The “Cinema – Psychiatry Seminars” organized in collaboration with Akbank Sanat – the cultural institution mostly serving in its venue located in Istanbul's Beyoğlu district – and Psikesinema & Psikeart are continuing in December. The coordinator of the series of events, scheduled for November 2019 to June 2020, is professor. Dr. M. Emin Önder. The event series organized with the theme of “Novel Heroes in Cinema” consists of subheadings of “Worshipping the Power and Fearing of the Powerful,” “Passion and Jealousy,” "Who Am I?” “Those Who Live with Secrets,” "Does Smell Give You Life or Hold You Captive?” “Rural Literature,” “Critical View to Understand” and “Opening a Window to Another Culture.” The program begins with the screening of selected films under the specified titles and continues with a discussion section attended by directors, writers, actors and doctors.
The event series brings into question “Novel Heroes in Cinema,” one of the most popular and ambitious titles of the interaction between literature and cinema, through both reading and watching.
The event on Dec. 18 will begin with a screening of director Carlos Saura's film “Carmen,” which is adapted from the work of Prosper Mérimée. The speakers of the discussion section after the screening of the film are professor Bedirhan Üstün, who is the chairman of the session, professor Pınar Aydın O'dwyer, Çağnur Öztürk and Haydar Ergülen.

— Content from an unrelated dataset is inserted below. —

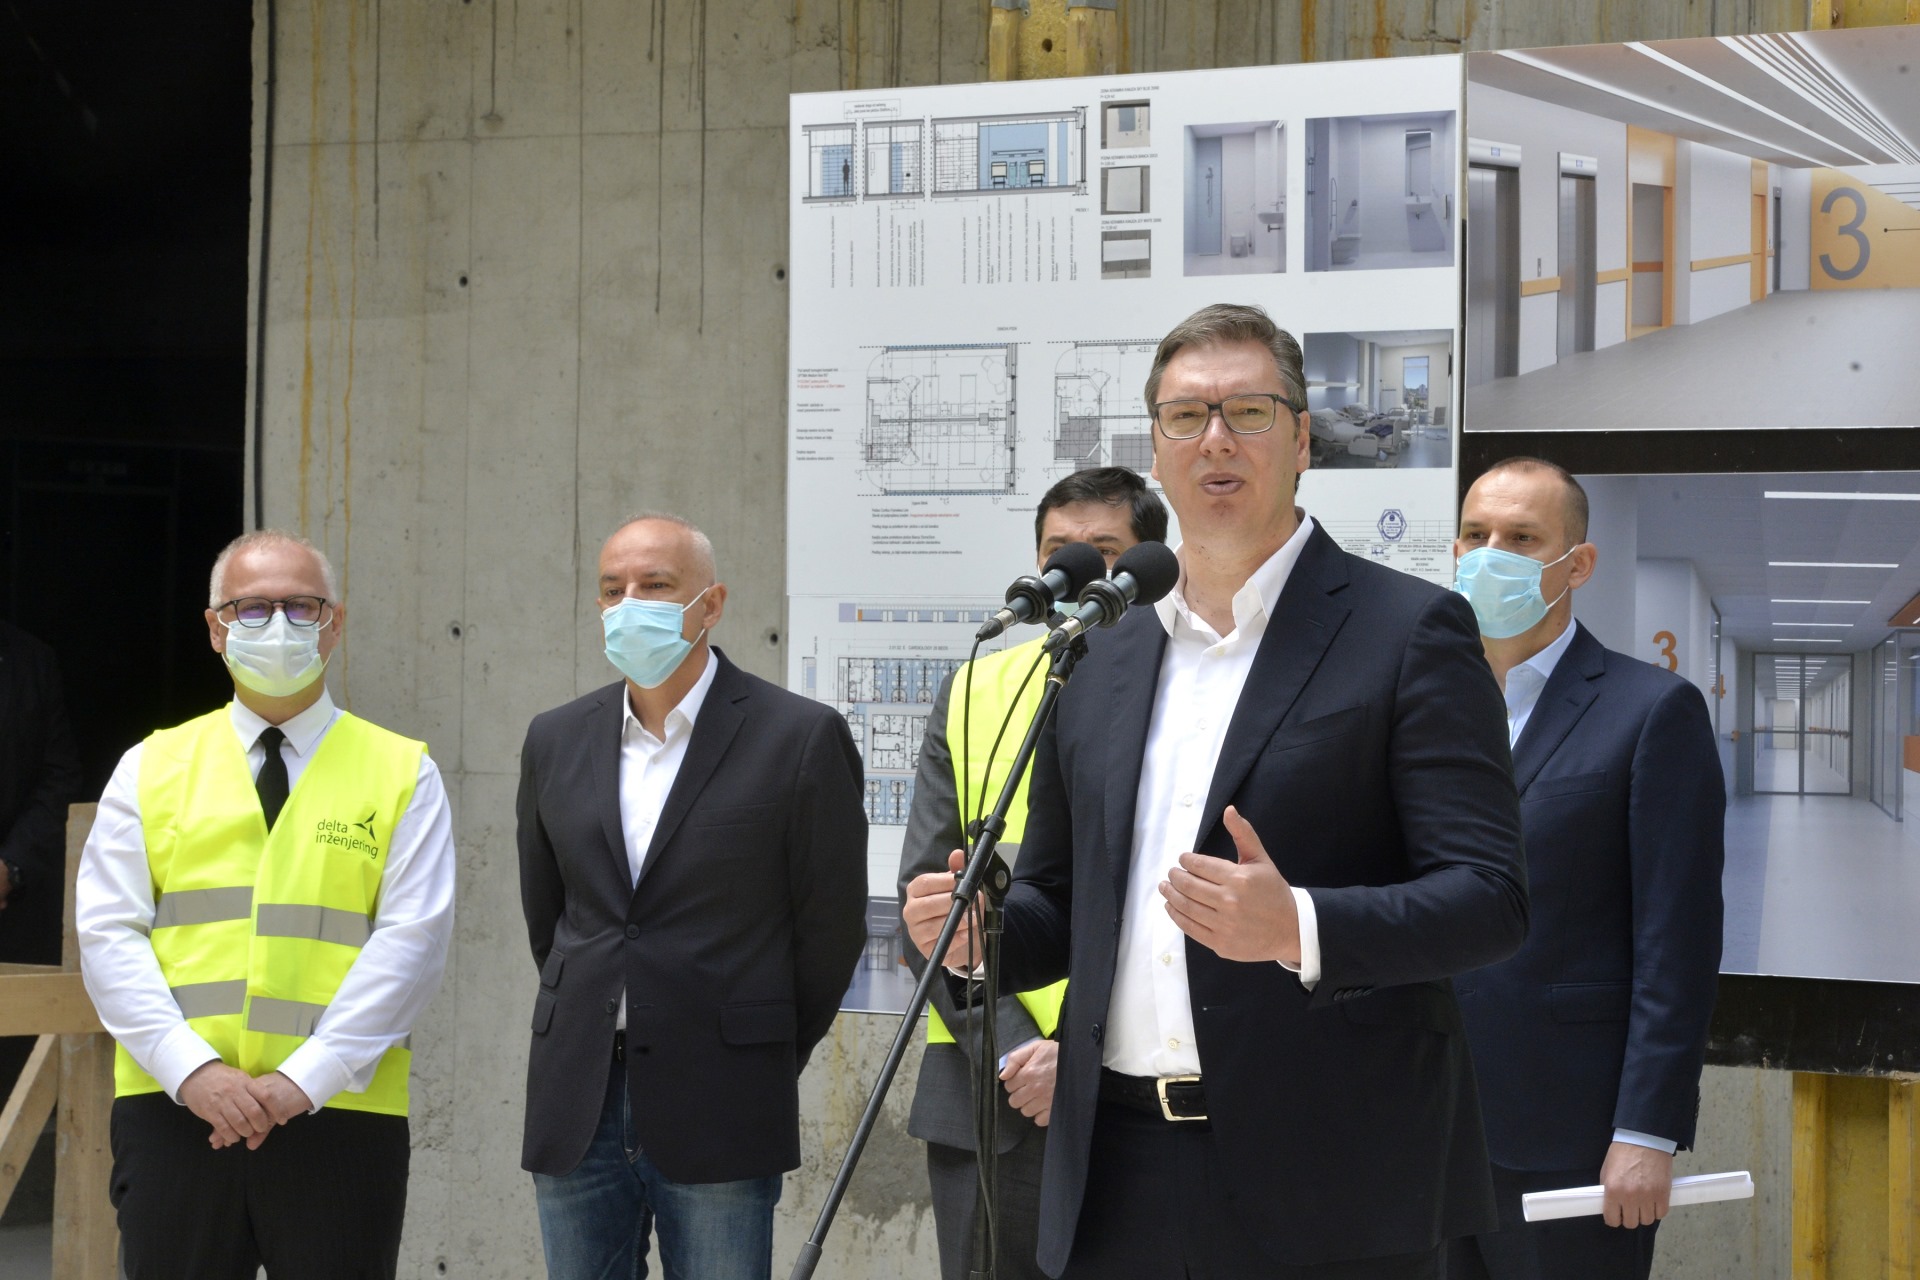 Predsednik Srbije Aleksandar Vucic obisao je danas radove na izgradnji i rekonstrukciji Klinickog centra Srbije u Beogradu.2

Are novel heroes characters? There is actually no one-to-one relationship between the formation of character and the formation of novel heroes. The formation of a character can be a separate novel subject. On the other hand, the richness of the detail of the novels, the streets which the heroes of the novels walkthrough, the nature, the position to which they are driven through the web of established relationships, the way they sometimes turn to a behavior that they themselves did not expect, as in “Crime and Punishment,” and sometimes they are filled with pain for an unknown reason when you unwittingly live in unique details like Mrs. Dalloway, all tell that what makes a hero is the overall fiction and structure of the novel. For example, the positioning of a hero in the novel symbolizes the last remnants of the century, such as Don Quixote's farewell to chivalry while the state, which is overlooked in Mario Puzo’s “The Godfather," can reveal the crime-family relationship. In the meantime, we may find a unique person like Carmen.